Penalized Principal Component Analysis Using Smoothing
Rebecca M. Hurwitz, Georg Hahn
TL;DR
The paper addresses the challenge of computing sparse and interpretable eigenvectors in high-dimensional genomic settings by reframing PCA as a Penalized Eigenvalue Problem (PEP) with an $L_1$ penalty. It introduces a differentiable, smoothed surrogate for the non-differentiable $L_1$ term, enabling gradient-based optimization, and uses deflation via singular value decomposition to obtain higher-order eigenvectors. Through four experimental studies, including the 1000 Genomes Project, SARS-CoV-2 genome data, and the Iris benchmark, the authors show that smoothing improves numerical stability, clustering discernibility, and predictive performance in polygenic risk score analyses, while maintaining competitive runtime against state-of-the-art sparse PCA methods. The work provides an accessible R implementation (SPEV) and demonstrates broad applicability in genomics, clustering, and dimensionality reduction tasks requiring sparse, interpretable eigenvectors.
Abstract
Principal components computed via PCA (principal component analysis) are traditionally used to reduce dimensionality in genomic data or to correct for population stratification. In this paper, we explore the penalized eigenvalue problem (PEP) which reformulates the computation of the first eigenvector as an optimization problem and adds an $L_1$ penalty constraint to enforce sparseness of the solution.

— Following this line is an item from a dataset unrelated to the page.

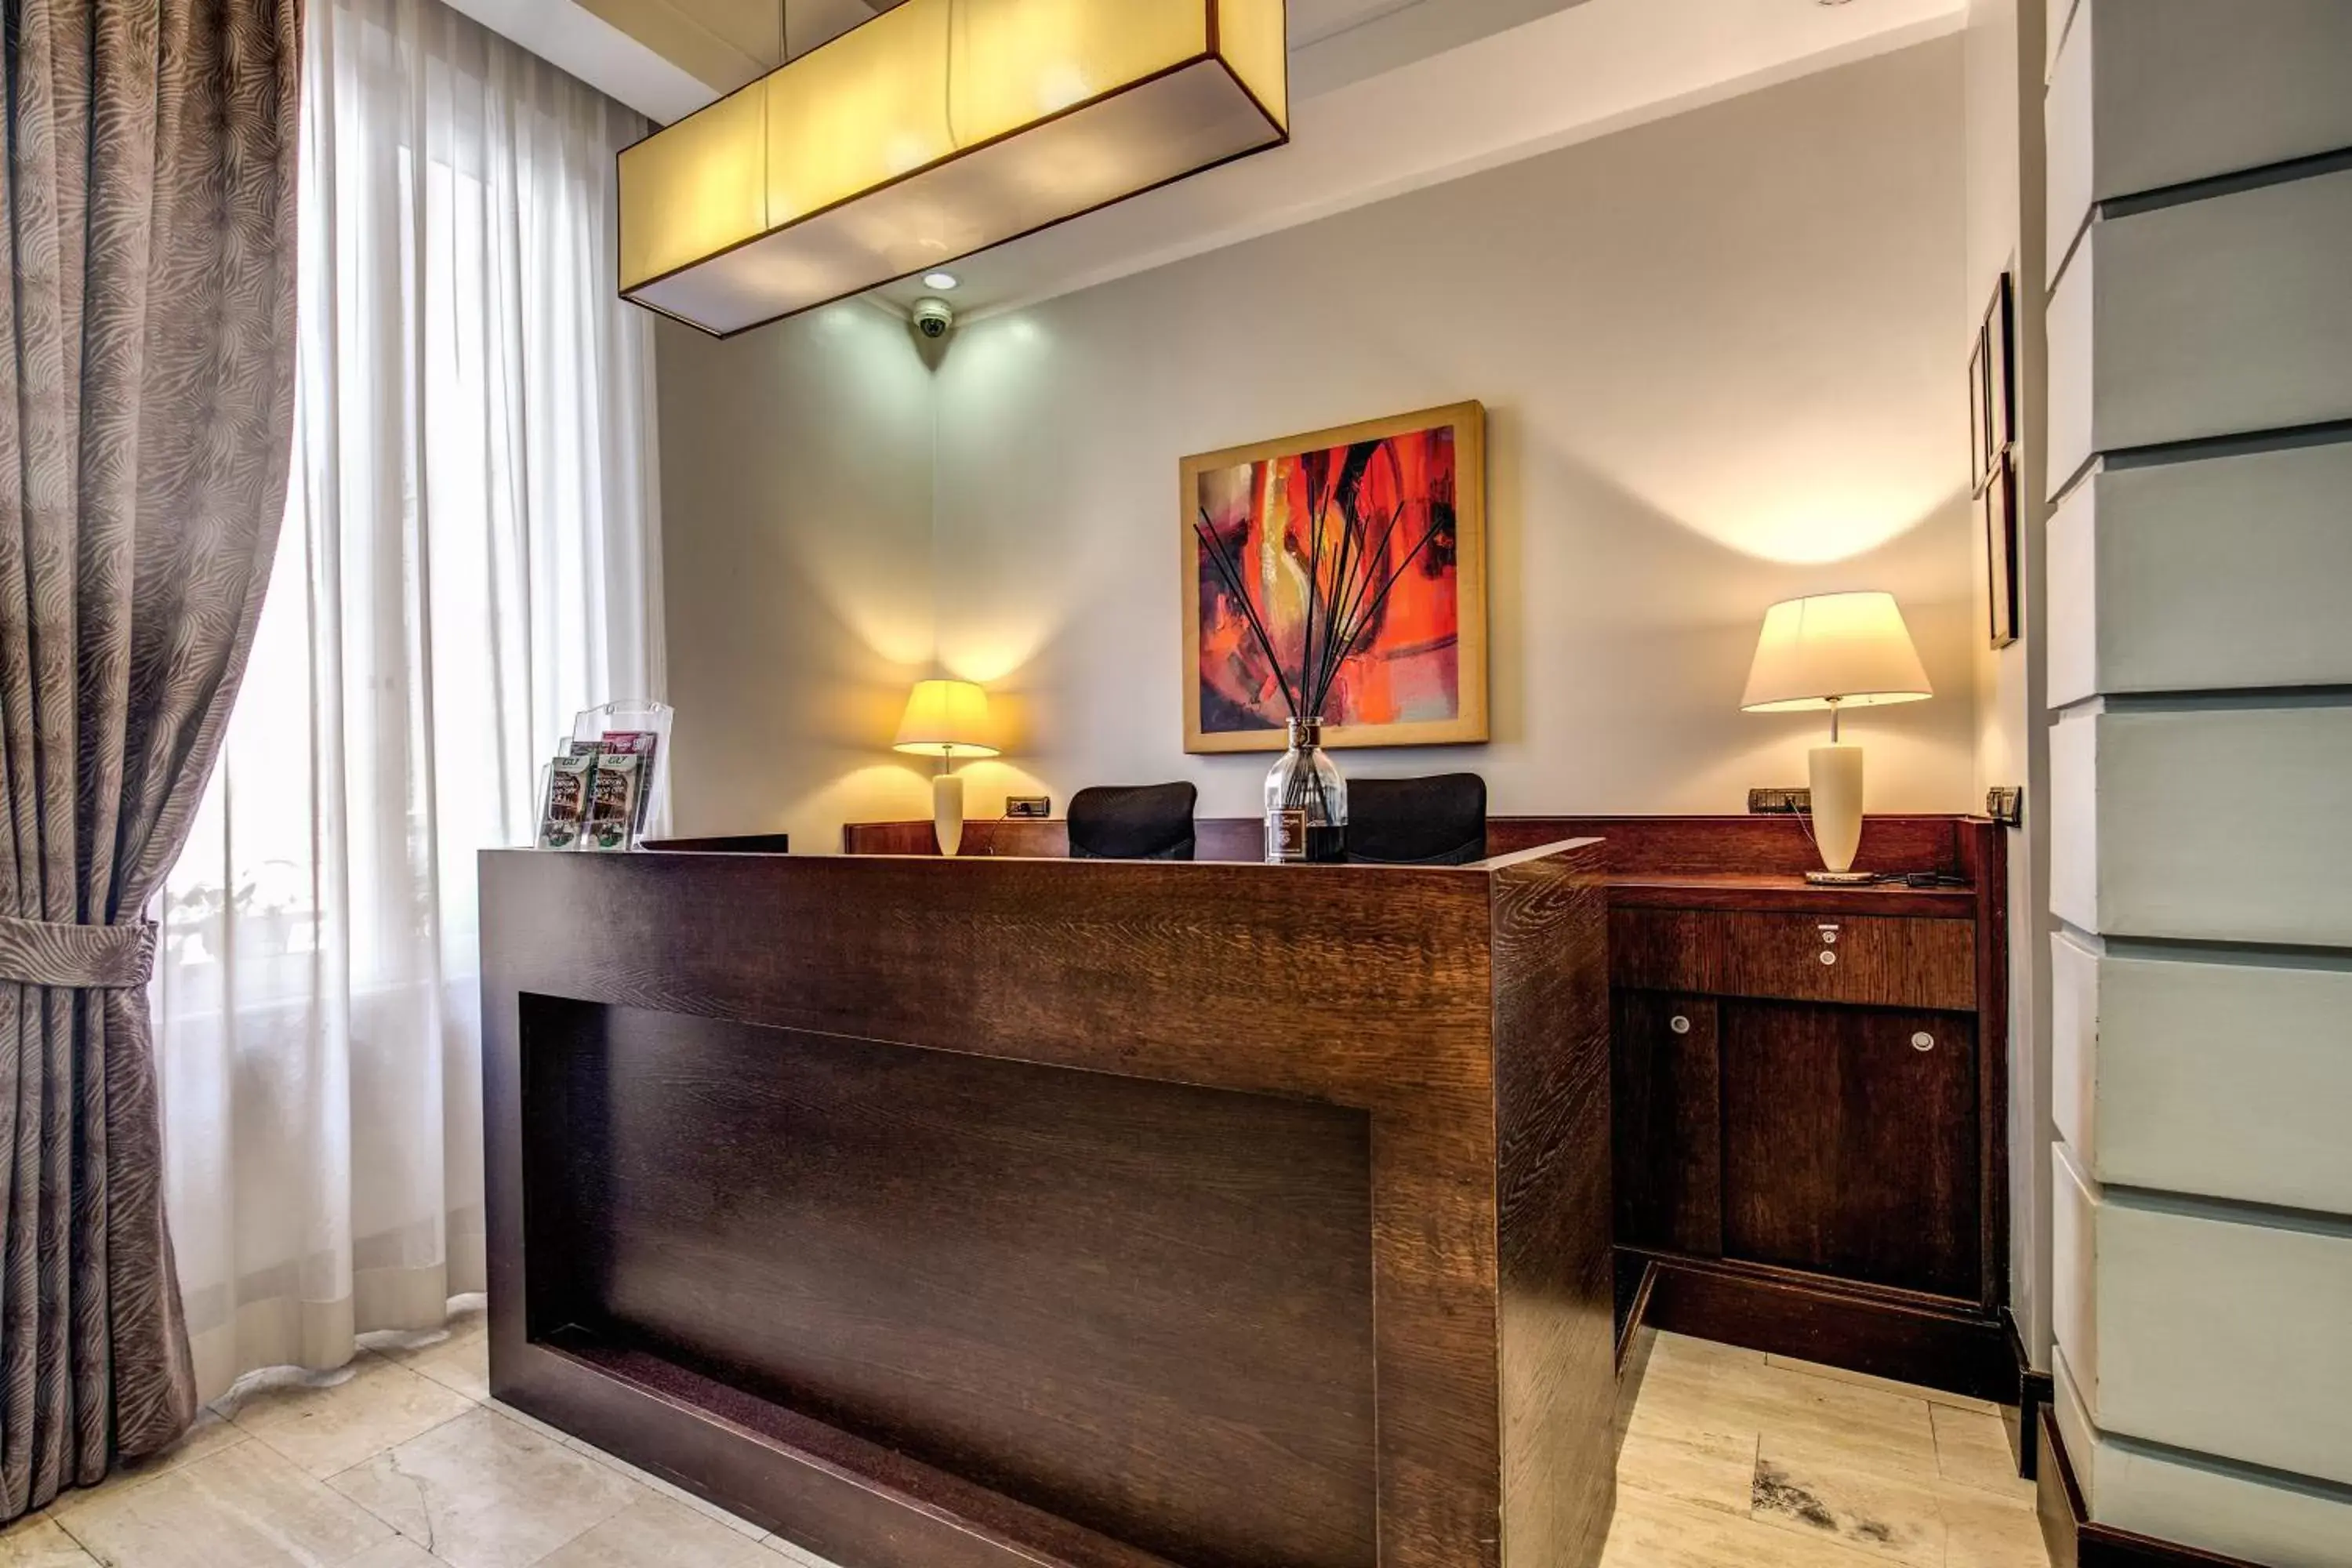 Lobby or reception, Lobby/Reception in Hotel Giuggioli

The contribution of our article is threefold. First, we extend PEP by applying smoothing to the original LASSO-type $L_1$ penalty. This allows one to compute analytical gradients which enable faster and more efficient minimization of the objective function associated with the optimization problem. Second, we demonstrate how higher order eigenvectors can be calculated with PEP using established results from singular value decomposition (SVD). Third, we present four experimental studies to demonstrate the usefulness of the smoothed penalized eigenvectors. Using data from the 1000 Genomes Project dataset, we empirically demonstrate that our proposed smoothed PEP allows one to increase numerical stability and obtain meaningful eigenvectors. We also employ the penalized eigenvector approach in two additional real data applications (computation of a polygenic risk score and clustering), demonstrating that exchanging the penalized eigenvectors for their smoothed counterparts can increase prediction accuracy in polygenic risk scores and enhance discernibility of clusterings. Moreover, we compare our proposed smoothed PEP to seven state-of-the-art algorithms for sparse PCA and evaluate the accuracy of the obtained eigenvectors, their support recovery, and their runtime.